Suliban cloaking devices are sure handy: they can cover up idiotic moves by the command of the ship. Anyone notice the similarity of the Suliban and Tholian ship? I guess all Future Faction ships have that design…
I liked the Phlox/T’pol scene, showing the differences between their cultures’ thinking. Phlox’s snorting seems a bit more than usual, though. Subtlety is at a premium in B&B Land, I suppose
Oh yes, before I forget, I really liked the new music in this episode. Maybe it’s just the novelty factor, but still. I was rather jarring to hear the “panic theme” in the cutting-through-the-door scene.
Temporal discombobulation with the ship, well done. I also liked the future-knowing conversation. But, yes, I suppose pens will be called trans-phasic writing utensils in the future. Doesn’t bode well for Luddites.
I expected a Vulcans-to-the-rescue ending as well, although as soon as the damages ship popped up, I thought that Archer would play the two species off of one another. Guess they did the work for him. Lucky bastage.
The ending was a remarkable show of sci-fi restraint. The ship’s disappearance was much more eerie (well, sort of) and effective.
The dinner-cum-wrap-up scene was a mixed bag.

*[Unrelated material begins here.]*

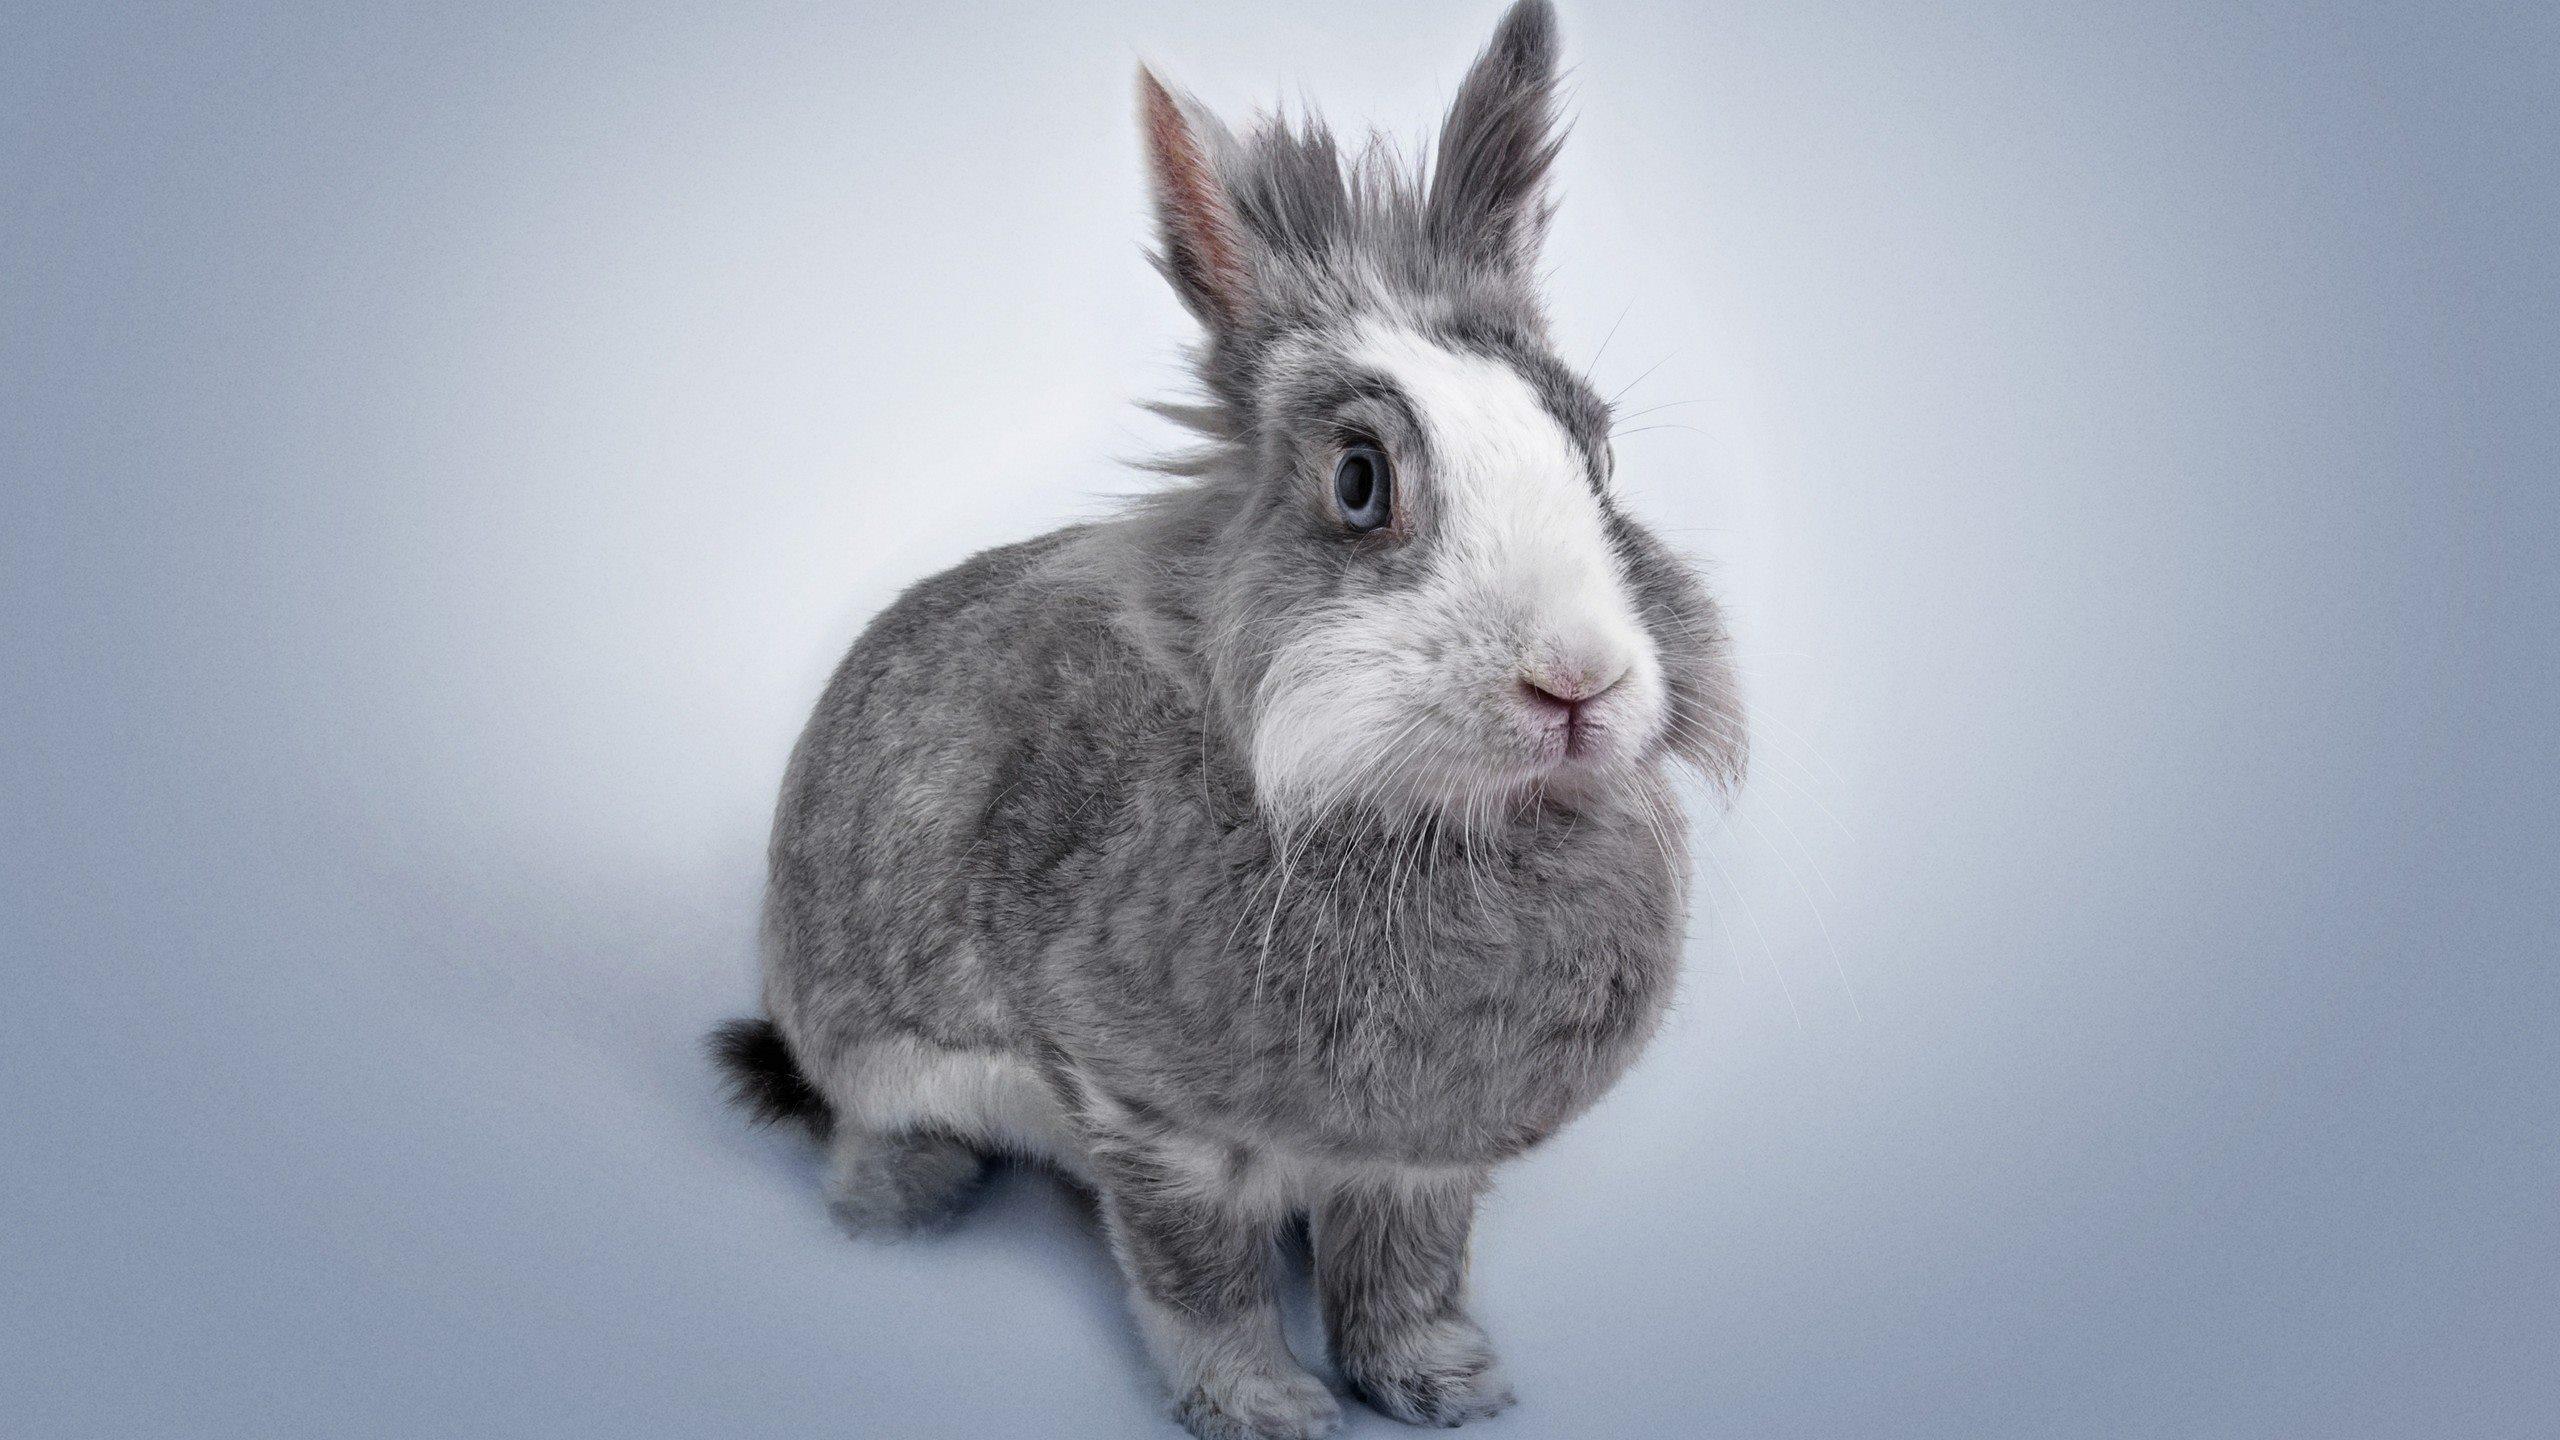 萌宠动物,卖萌图,兔子,灰兔,可爱

Trip’s “they sure did it fast” was really quite heavy handed, as was Archer’s response. I suppose that the producers were trying to cater to a broad audience, but if people cannot figure out that time travelers can take all of the time they need, they probably would not be watching Enterprise (unless for the decon scenes).
On the other hand, the last few lines were very nice. Archer apologizing to the High Command shows that he is more willing, at least, to work with the Vulcans, which will probably be a story arc until the founding of the Federation. This may be a key point in reducing Vulcans to “the intellectual PUPPETS of the Federation” a la STIV.
One major gripe, though. If it is possible for species to mate and not produce sterile offspring (was Spock sterile? No sarcasm in this parenthesis) they are no longer considered separate species. A species is defined as a group in which all members can successfully reproduce. Humans, Vulcans, Klingons, and (I guess) most other low-budget-aliens-with-forehead-modifications would be considered one species.
Whoo-hoo! the tape actually recorded this episode. After tests and what not, i might actually get to watch it Wed.
Athelas– I didn’t see the ship as being extradimensional so that they could save space; I thought they built it that way, with most of it in another subspace and just the teensiest bit of a periscope peeking out so that they could fly around and spy on things, virtually undetected.
There was a geometric solid in Calculus that had an infinite volume and a finite surface area. A sack that you could put everything in and still carry around.
They must have figured out how to build one.
Maybe you didn’t have to move all that mass around or something equally cool.
Bag of holding. I got one in my current D&D campaign…
::d&r::
Probably borrowed that sack from Santa…
Impulsive BUMP
I used to know a girl who…never mind. Damn snow!